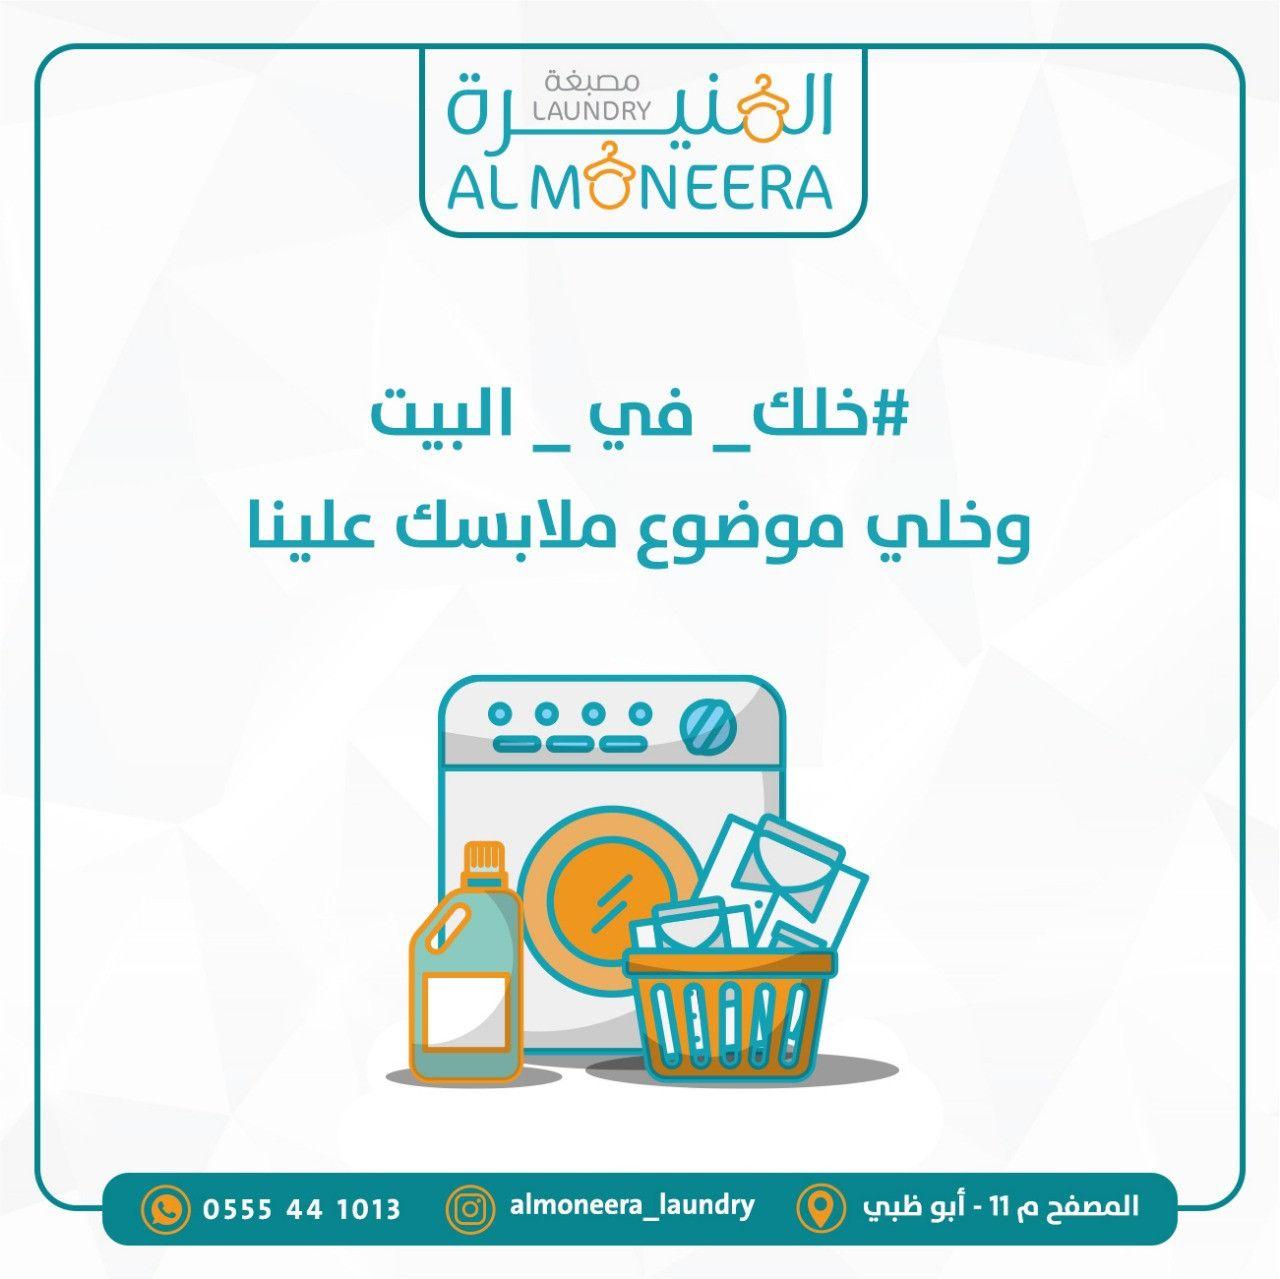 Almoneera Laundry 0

* * *

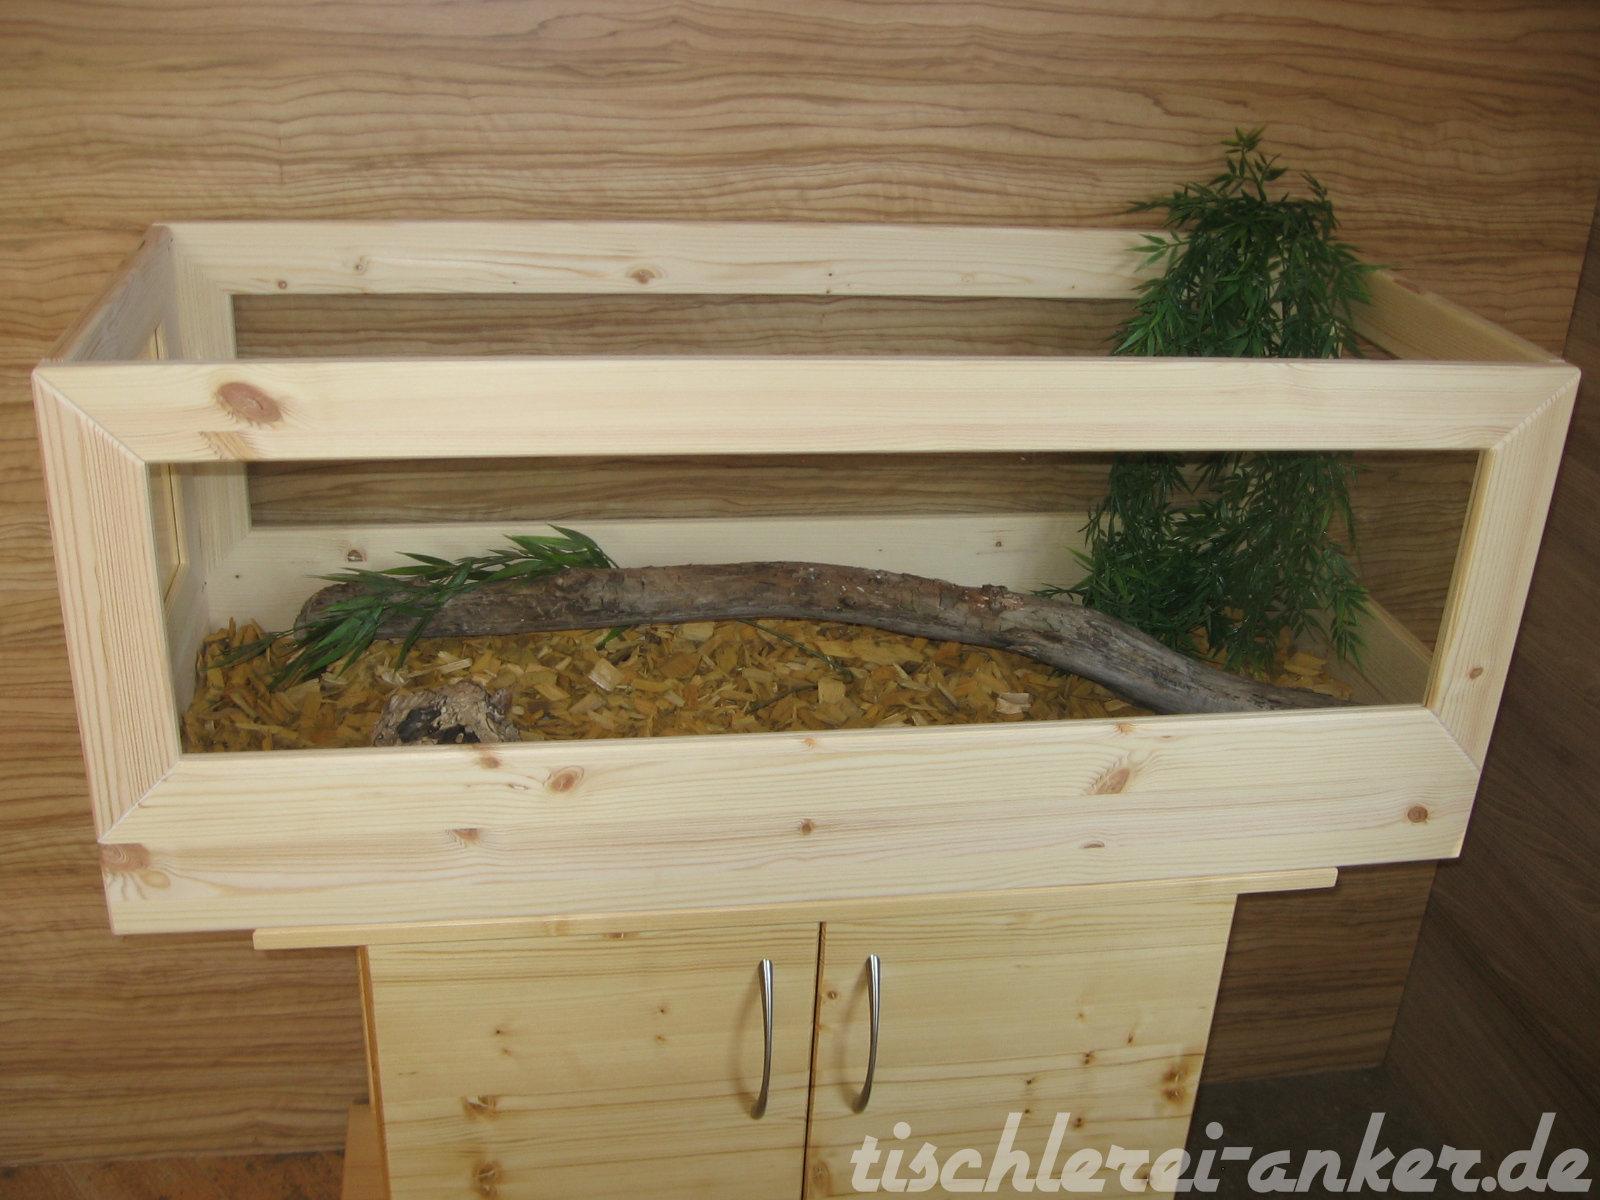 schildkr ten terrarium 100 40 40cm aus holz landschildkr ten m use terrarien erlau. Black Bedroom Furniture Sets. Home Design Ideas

--

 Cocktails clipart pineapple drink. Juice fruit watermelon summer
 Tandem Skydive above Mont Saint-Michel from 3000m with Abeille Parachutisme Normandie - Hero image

Your goal: Copy range, inclusive: the line holding "Cocktails clipart pineapple" to the line holding "Tandem Skydive above". Reproduce exactly those lines of the records above and no others.

Answer box:
 Cocktails clipart pineapple drink. Juice fruit watermelon summer
 Tandem Skydive above Mont Saint-Michel from 3000m with Abeille Parachutisme Normandie - Hero image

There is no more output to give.